Michael Bennett

No. 96, 93
- Position:: Defensive tackle

Personal information
- Born:: February 24, 1993 (age 32) Dayton, Ohio, U.S.
- Height:: 6 ft 2 in (1.88 m)
- Weight:: 287 lb (130 kg)

Career information
- High school:: Centerville (Centerville, Ohio)
- College:: Ohio State (2011–2014)
- NFL draft:: 2015: 6th round, 180th pick

Career history
- Jacksonville Jaguars (2015–2018); Atlanta Falcons (2018–2019);

Career highlights and awards
- CFP national champion (2015); 2× Second-team All-Big Ten (2013, 2014);

Career NFL statistics
- Total tackles:: 16
- Sacks:: 0.5
- Stats at Pro Football Reference

= Michael Bennett (defensive tackle, born 1993) =

American football player (born 1993)

Benjamin Michael Bennett IV (born February 24, 1993) is an American former professional football player who was a defensive tackle in the National Football League (NFL). He played college football for the Ohio State Buckeyes.

==Early life==
Bennett attended Centerville High School in Centerville, Ohio, where he was a first-team Division I All-Ohio performer who played in the U.S. Army All-American Bowl. He was a two-time Greater Western Ohio Conference player of the year and served as team captain for coach Ron Ullery's 2010 Centerville team that went 9–3 and reached the regional semifinals.

Bennett was also a top competitor in track & field. In 2011, Bennett’s final throw of 19.48 meters (63 feet, 11 inches) in the shot put at the Division I track and field meet was enough to vault him to a state title at his future home on the Ohio State University campus. He followed up with a second-place finish in the discus throw with a toss of 56.50 meters (185 feet, 4 inches). He had top-throws of 19.80 meters (64 feet, 11.5 inches) in the shot put, 59.83 meters (196 feet, 3 inches) in the discus pand 53.21 meters (174 feet, 6 inches) in the hammer at Centerville.

==College career==
As a true freshman in 2011, Bennett played in all 13 games, recording 17 tackles and three quarterback sacks. As a sophomore in 2012, Bennett played in only eight games due to injury. As a junior in 2013, Bennett started all 13 games, recording 44 tackles and 7.5 sacks.

==Professional career==
===Pre-draft===
Bennett, who was unable to work out at the 2015 NFL Combine due to injury, pulled up on his 40-yard dash attempt at Ohio State's Pro Day with a hamstring problem. The injury forced him to withdraw from the other on-field drills.

Pre-draft measurables
| Height | Weight | 40-yard dash | 10-yard split | 20-yard split |
| 6 ft 2 in (1.88 m) | 293 lb (133 kg) | 5.04 s | 1.74 s | 2.87 s |
All values from OSU Pro Day

===Jacksonville Jaguars===
On May 2, 2015, Bennett was selected by the Jacksonville Jaguars with the 180th overall pick in the sixth round of the 2015 NFL draft. In 13 games of his rookie season, Bennett recorded ten tackles and half a sack.
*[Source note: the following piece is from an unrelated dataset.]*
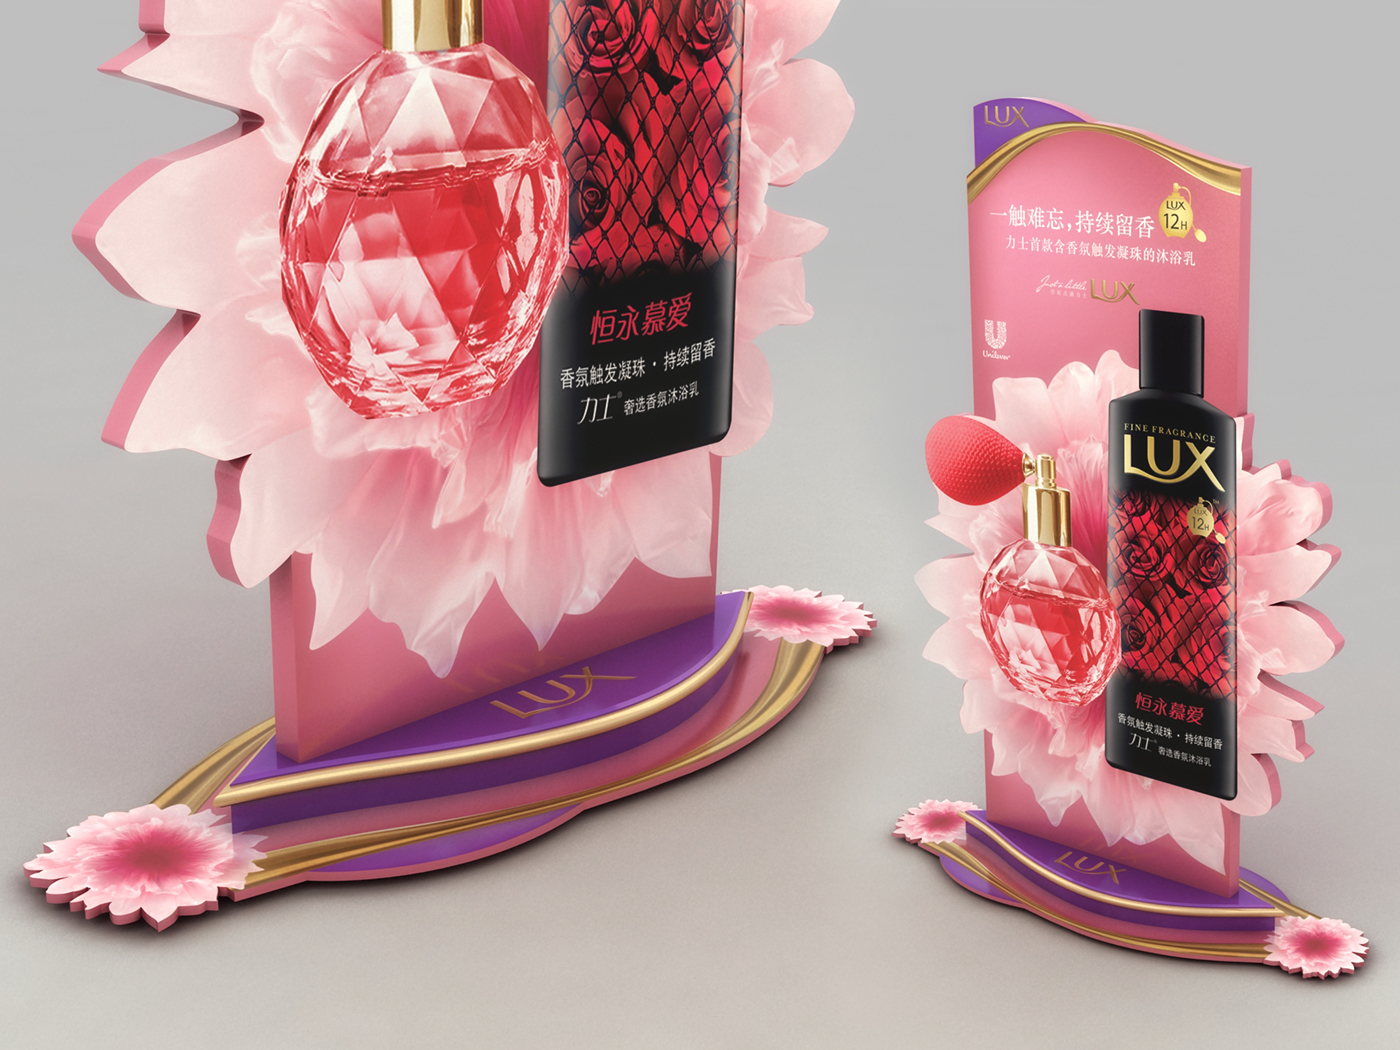 Lux posm pop Display merchandising

On September 3, 2016, Bennett was placed on injured reserve.

On September 19, 2017, Bennett was again placed on injured reserve after suffering a pectoral injury.
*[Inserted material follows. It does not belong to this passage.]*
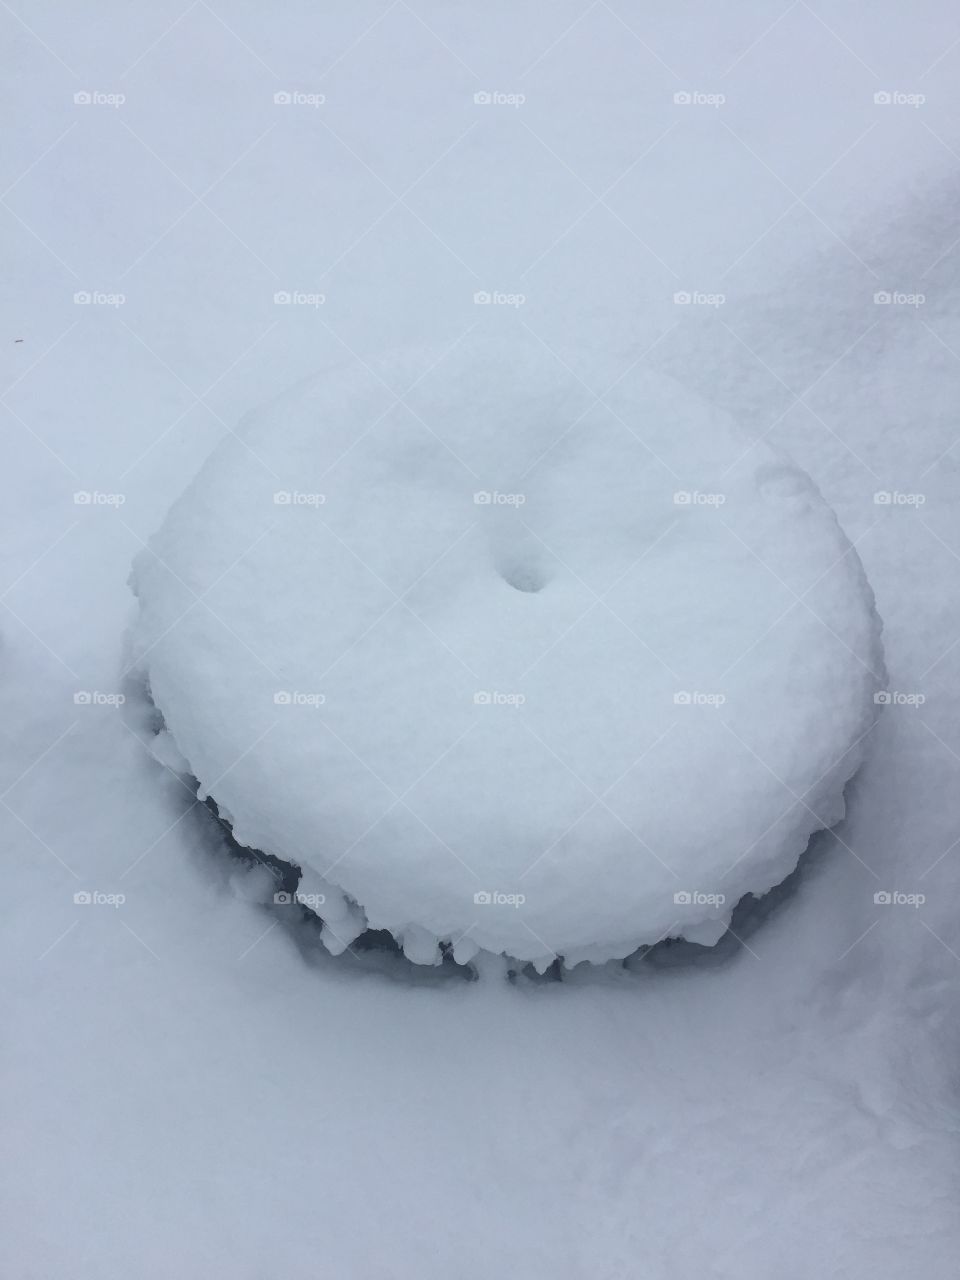 Snow tire

On September 11, 2018, Bennett was released by the Jaguars.

===Atlanta Falcons===
On October 2, 2018, Bennett signed with the Atlanta Falcons. He was waived on October 30, 2018. He signed a reserve/future contract with the Falcons on January 10, 2019.

On July 22, 2019, Bennett suffered a dislocated ankle and was placed on injured reserve.